The special privilege required by a process which accepts TCP connections is a listening TCP socket. As discussed in Section \ref{sec:filling-net}, TCP listening sockets are handed already bound to void processes. This enables a capability model for network access, otherwise restricting inbound and outbound networking entirely. The specification for this listener is given in Listing \ref{lst:tls-tcp-listener-spec}, where the TCP listener is requested as an argument already bound. No other permissions are required to accept connections from a TCP listener. Although the code at each stage is omitted for brevity, the resulting program has to parse the argument back into an integer and then a \texttt{TcpStream} before looping to receive incoming connections. Of course, we can't do much useful with them without more privilege. Thus we move on to developing the HTTP handler.
Finally, this pair of decrypted request reader and response writer are handed to a new process which handles the request. In the example case, this new process is handed a directory file descriptor
to \texttt{/var/www/html}, which is bind-mounted into an empty file system namespace by the shim. This allows the request handler enough access to serve files, while restricting access to anything else.
\begin{listing}
\label{lst:tls-tcp-listener-spec}
\caption{The void orchestrator specification for the TCP listener endpoint of the TLS application. The privilege to use a TCP listener is requested as an argument. Dynamic linking binds are omitted for brevity.}
\begin{minted}{json}
{"entrypoints": { "tcp_listener": {
"args": [
{ "TcpListener": { "addr": "0.0.0.0:8443" } }
]
}}}
\end{minted}
\end{listing}
\subsection{HTTP handler}
\label{sec:building-tls-http-handler}
When attempting to add the HTTP handler, we immediately require more privilege. As this is intended to be a file server, we need some files. Although it would be easy to add files to the existing entrypoint, the principle of least privilege is highly encouraged when developing a void process. One should always ask whether an entrypoint needs a new privilege that they are about to add to it, or whether they would be better served with a new entrypoint.
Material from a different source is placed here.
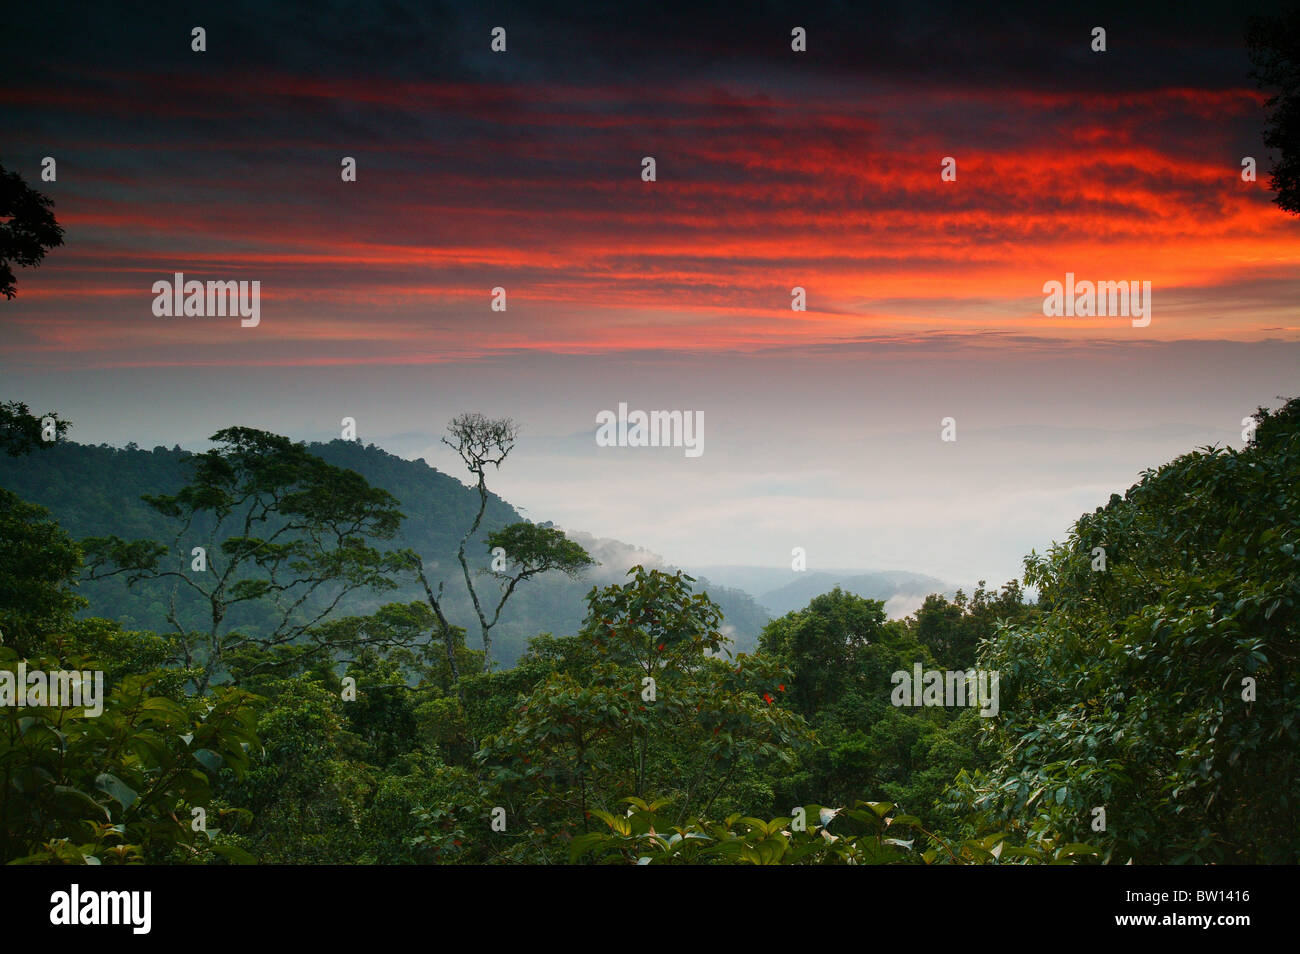 Dawn at Cerro Pirre, in Darien national park, Darien province, Republic of Panama. Stock Photo

In this case, we are going to add a new entrypoint for two reasons: multiprocessing and privilege separation. This allows the TCP listener entrypoint to continue in a tight loop, accepting requests very quickly and fanning them out to new processes. These new processes have only their required privileges: the files they wish to serve, and the \texttt{TcpStream} to serve them down. We take advantage here of another feature of the void orchestrator, file socket based triggers. These allow a statically defined socket to be setup which the void orchestrator will listen on and create new void processes on demand. Further, this ensures isolation between requests too, meaning that a single failed request that causes a process to fail will not affect any others, and a compromised process can't leak information about any other requests either.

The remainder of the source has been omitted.